Геномными называют мутации, в результате которых происходит изменение в клетке числа хромосом. Геномные мутации возникают в результате нарушения митоза или мейоза, приводящих либо к неравномерному расхождению хромосом к полюсам клетки, либо к удвоению хромосом, но без деления цитоплазмы.

Различают полиплоидию и анеуплоидию. В первом случае происходит кратное (в 2, 3, 4 и т. д. раза) увеличение числа хромосом. Во втором случае число хромосом увеличивается или уменьшается не кратно, обычно на одну или две хромосомы.

Полиплоидия как геномная мутация широко распространена среди растений. Различают автополиплоидию (кратное увеличение числа хромосом одного организма) и аллополиплоидию (кратное увеличение числа хромосом межвидового или межродового гибрида, после чего он может стать плодовитым).
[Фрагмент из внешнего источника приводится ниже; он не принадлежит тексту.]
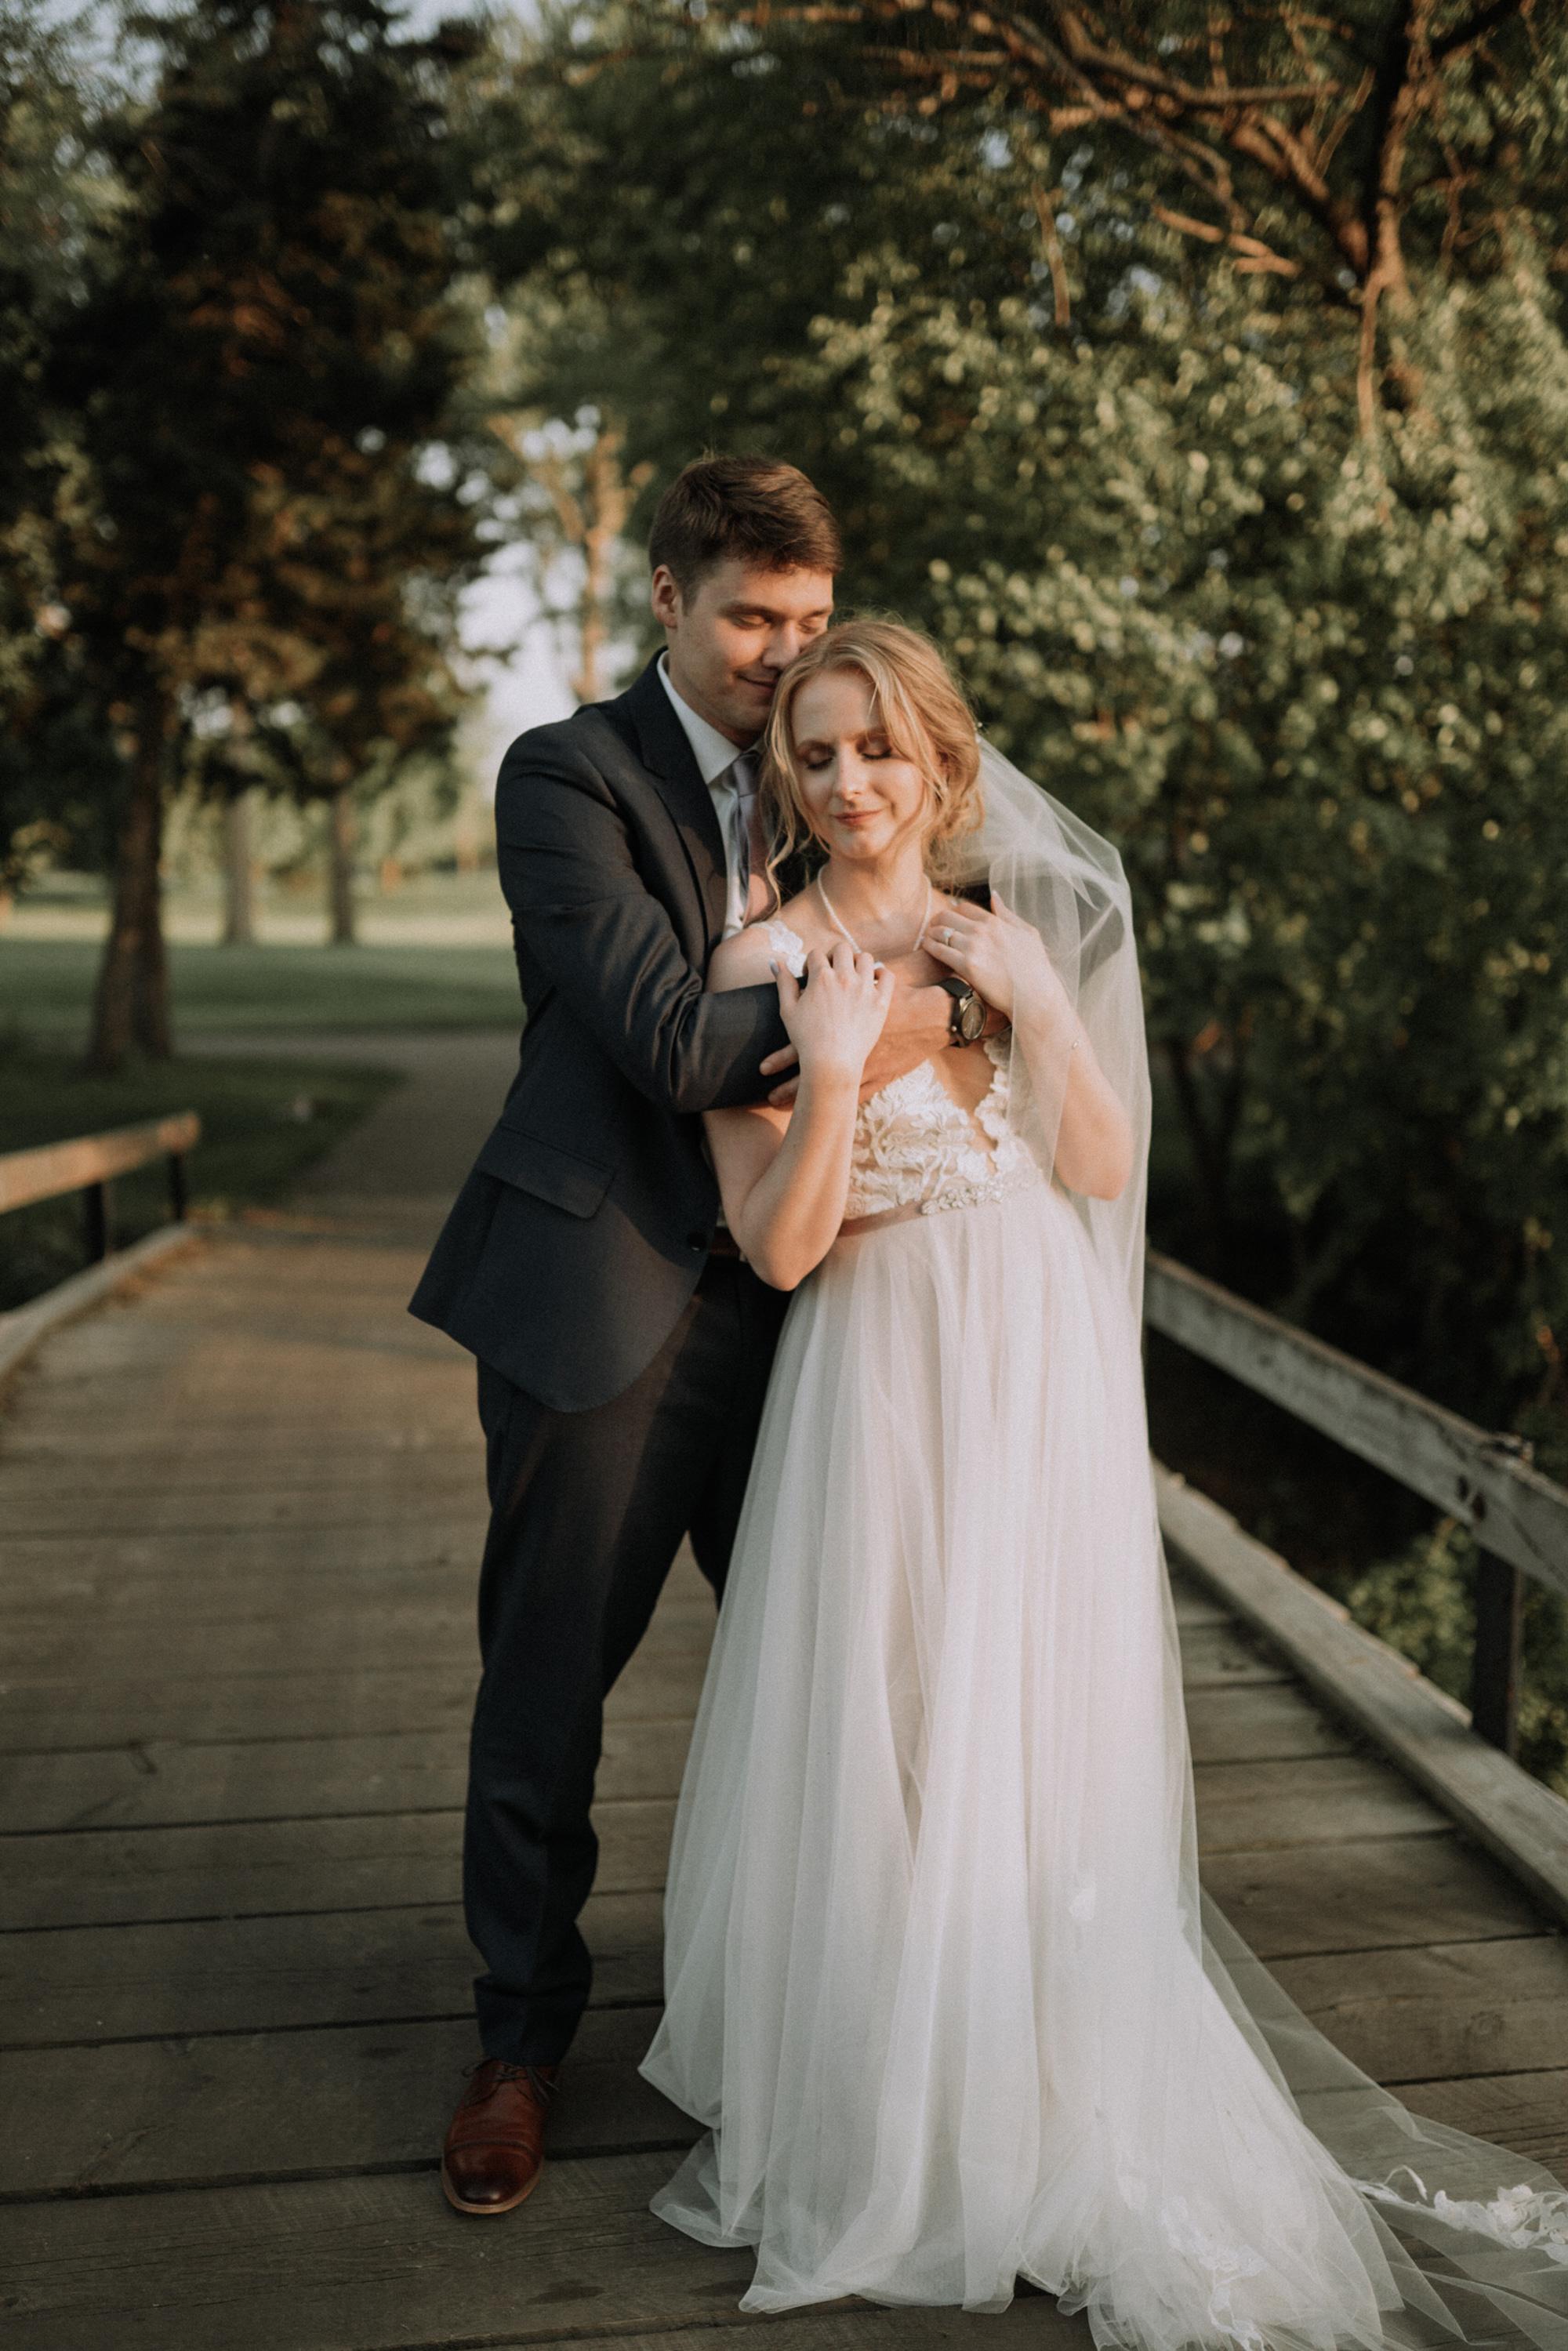 Wedding_(6_of_10).jpg

Другой вид геномных мутаций — анеуплоидия — обычно приводит к серьезным аномалиям развития. Особенно при изменении числа аутосом. Изменение числа половых хромосом оказывает на фенотип менее значительное влияние.

Организмы, имеющие одну добавочную хромосому, называются триплоидами. У человека триплоидами по 21 хромосоме являют люди с синдромом Дауна. Это единственные триплоиды человека обладающие относительно нормальной жизнеспособностью.

Триплоидия по другим аутосомам обычно приводит к гибели в период эмбрионального или раннего постэмбрионального развития.

Организмы с недостатком одной хромосомы называются моносомиками. У них одна из хромосом не имеет гомологичной. Если отсутствует целая пара гомологичных хромосом, то организм называется нулисомиком. Обычно зиготы-моносомики, а тем более нулисомики не развиваются. Поэтому такие организмы в частности у человека почти не описаны (это не касается моносомии по половым хромосомам). У человека жизнеспособным является частичный моносомик, у которого в результате делеции теряется часть 5-й хромосомы (возникает синдром кошачьего крика).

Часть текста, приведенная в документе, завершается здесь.